- Born: Prince Tayo Adeoluwa Isaiah Oyekan 13 February 2002 (age 24) Reading, England
- Genres: Alternative pop;
- Instruments: Vocals; guitar;
- Years active: 2012–present
- Labels: Black Butter Records; Arista Records;

= Tayo Sound =

Tayo Adeoluwa Isaiah Oyekan (born 13 February 2002), known professionally as Tayo Sound, is a British singer-songwriter and guitarist from Reading. Signed to Arista Records's Black Butter imprint, he released a number of singles, starting with "Cold Feet" (2020), and the EP Runaway (2021). He has since collaborated with the likes of Rudimental and Pixey.

==Early life==
Oyekan was born in Reading, Berkshire to a Scottish mother and a Scottish-Nigerian father and grew up in the suburb of Tilehurst. His father was a pastor. Oyekan attended Birch Copse Primary School and Little Heath School. He left school at age 16 after completing his GCSEs to pursue music.

==Career==
Under his own name Tayo Oyekan at age 10, he was a 2012 Has Reading Got Talent? finalist and self-released the single "Feels Like" to raise money for local charities. Another early release was "Broken". At age 14, Oyekan started busking on the streets of Reading town centre. He uploaded demos to Soundcloud, including "Yes or No", which was shared by HillyDilly and caught the attention of the Arista Records imprint Black Butter.

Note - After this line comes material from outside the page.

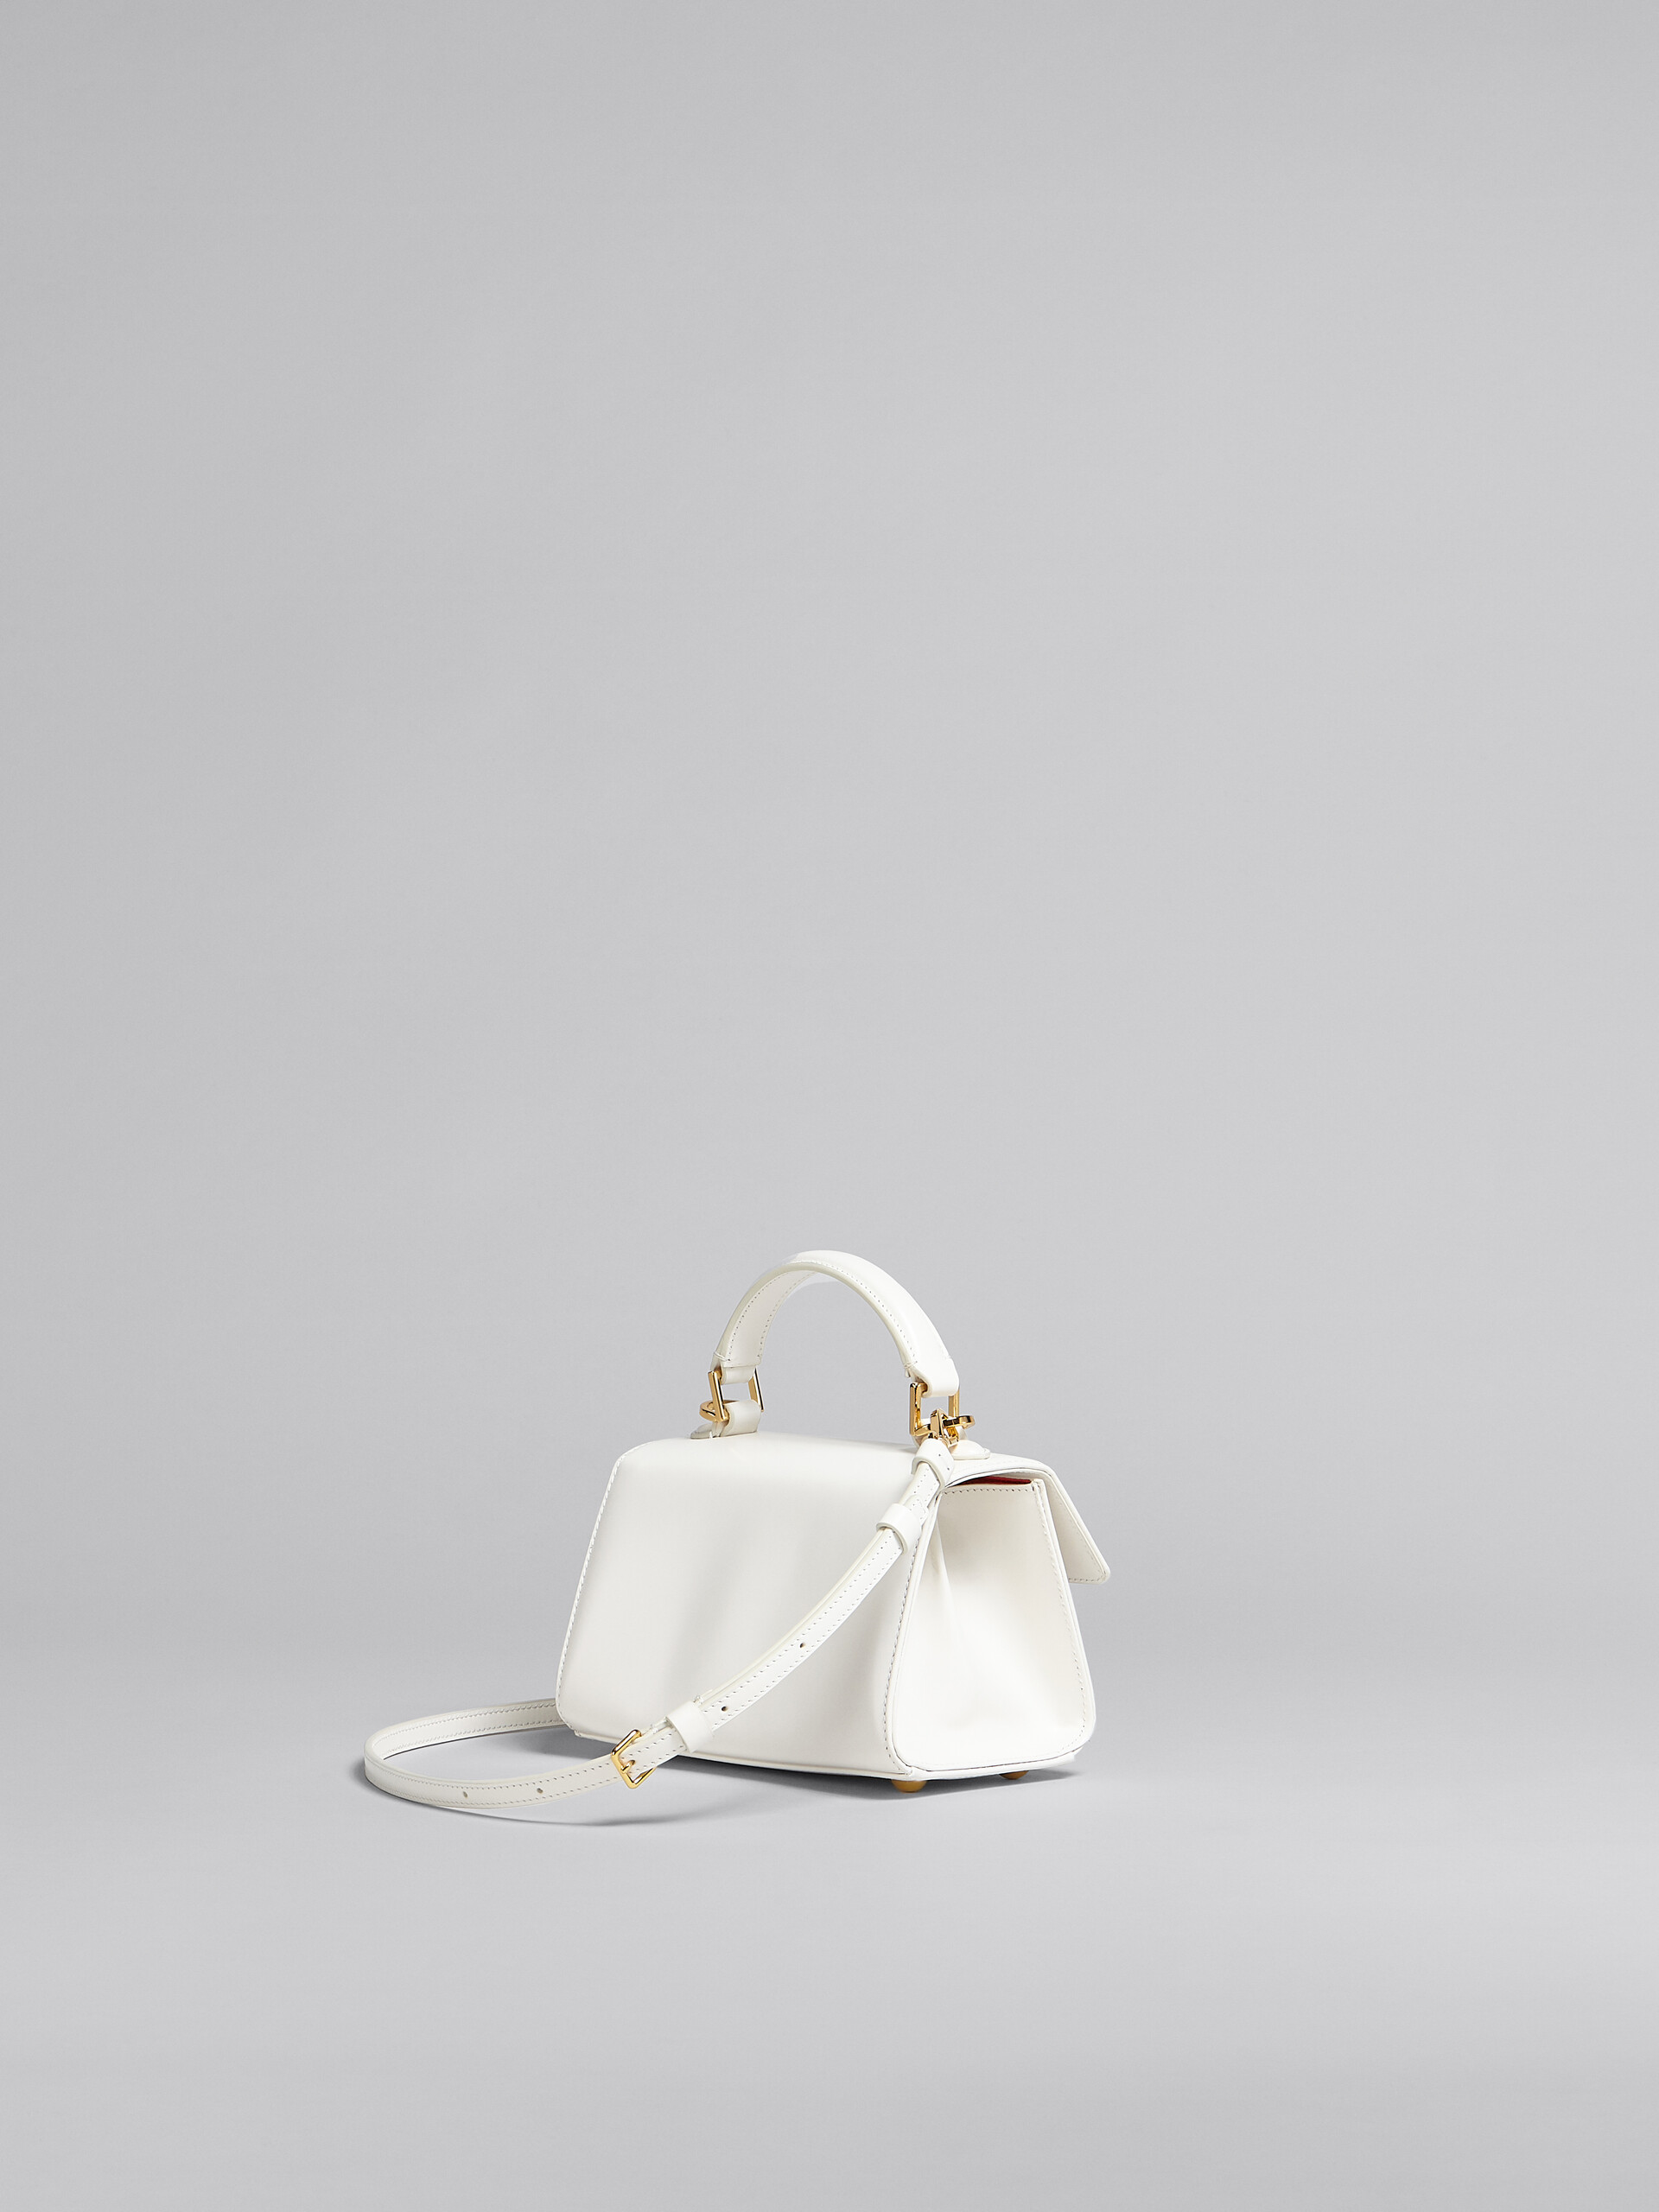 Relativity Mini Bag in white leather - Handbag - Image 3

After signing, Oyekan released his debut single "Cold Feet" in 2020 as well as "Heartbreaker", "Someone New" and "Gone". "Cold Feet" and "Heartbreaker" were "two of the most streamed tracks" on Spotify's Our Generation playlist. His debut EP Runaway was released in 2021. He also released the single "Nervous". Oyekan performed at Reading and Leeds Festivals on the BBC Music Introducing stage and Dot to Dot Festival.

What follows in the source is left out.